WHAT TO PRODUCE: Please restate each line of the data that follows word for word, skipping any image.

DATA SHOWN:
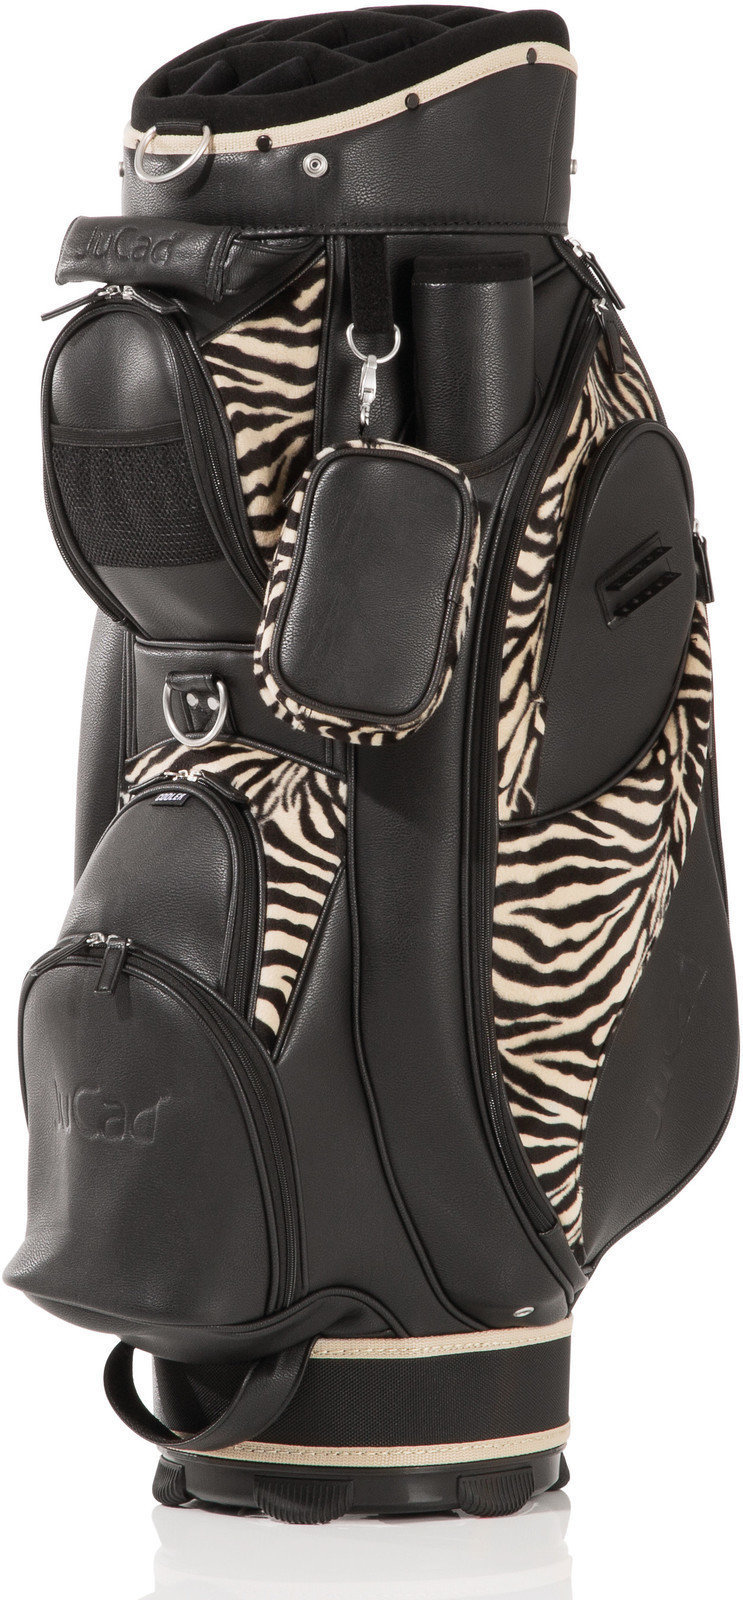 Golf Bag Jucad Style Black/Zebra Cart Bag
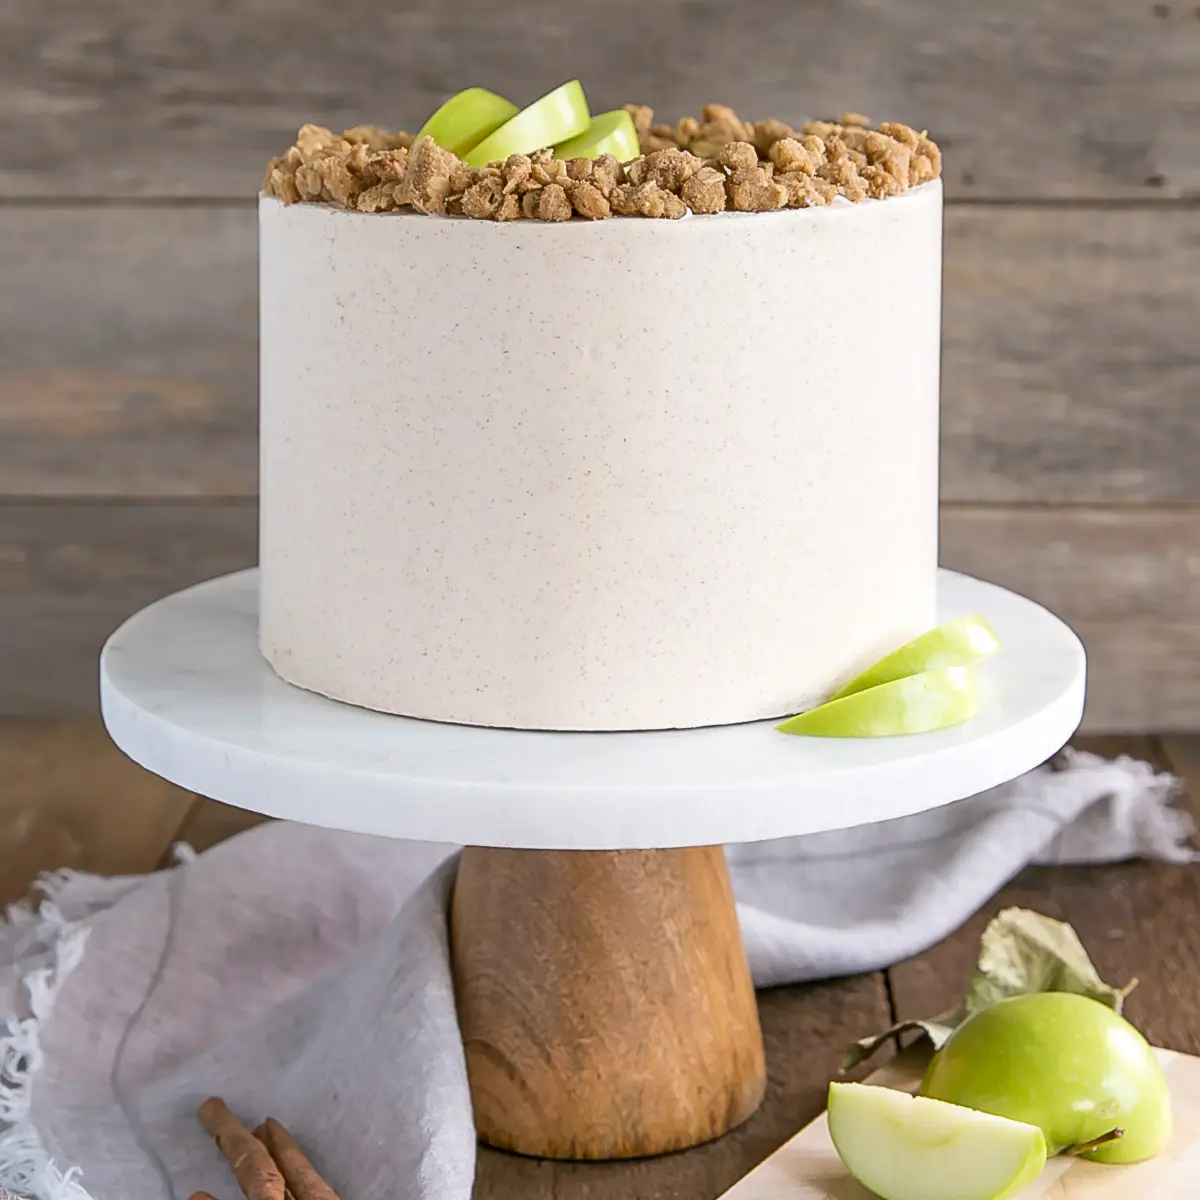 10 Best Dump Cake Apple Pie Filling Recipes | Yummly
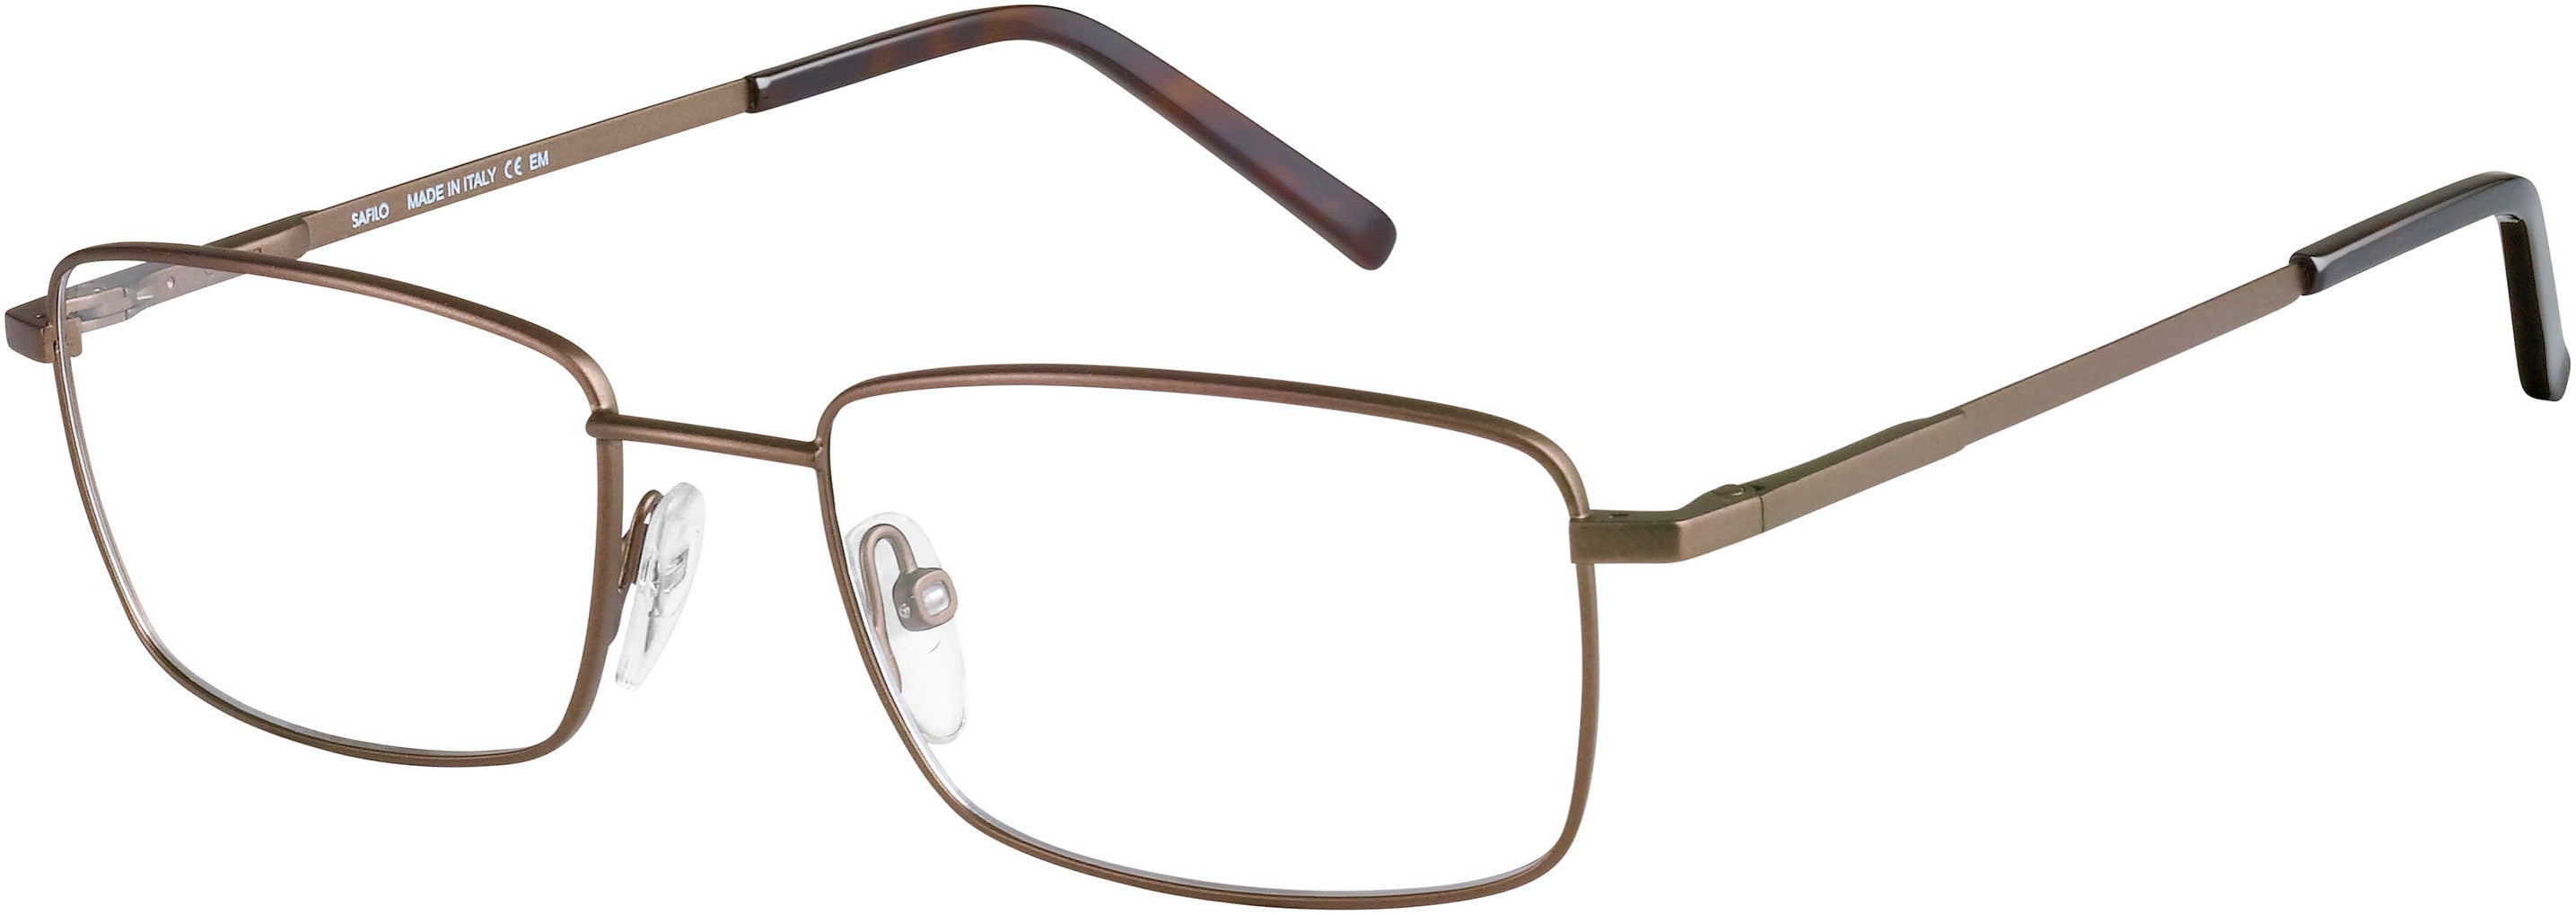  Elasta 7217 Rectangular Eyeglasses 04IN-04IN  Matte Brown (00 Demo Lens)
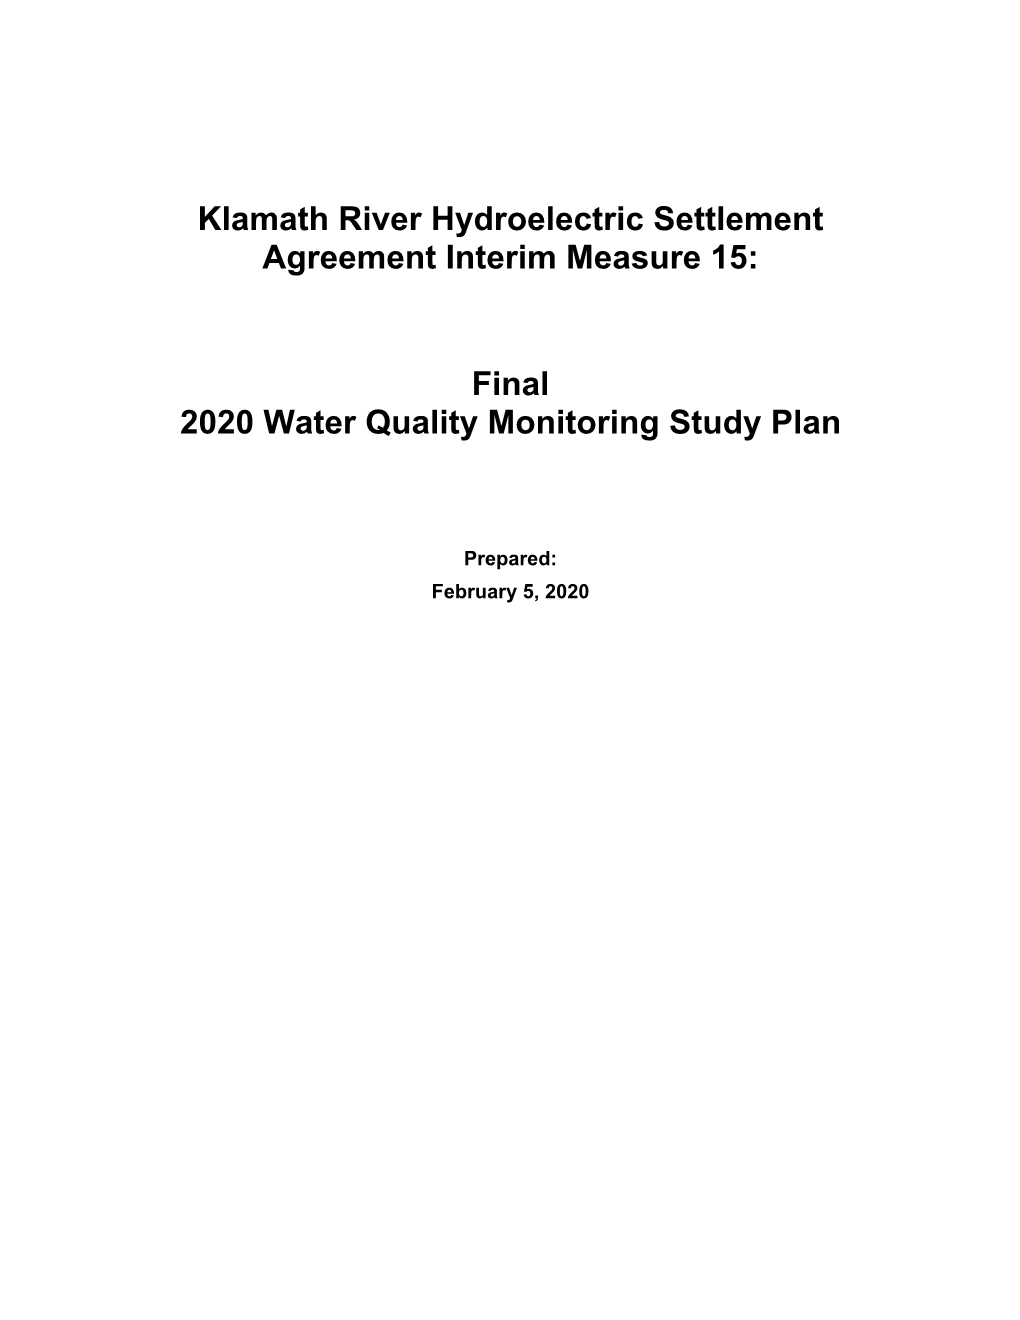 Klamath River Hydroelectric Settlement Agreement Interim Measure 15

EXERCISE RESPONSE:
 Golf Bag Jucad Style Black/Zebra Cart Bag
 10 Best Dump Cake Apple Pie Filling Recipes | Yummly
  Elasta 7217 Rectangular Eyeglasses 04IN-04IN  Matte Brown (00 Demo Lens)
 Klamath River Hydroelectric Settlement Agreement Interim Measure 15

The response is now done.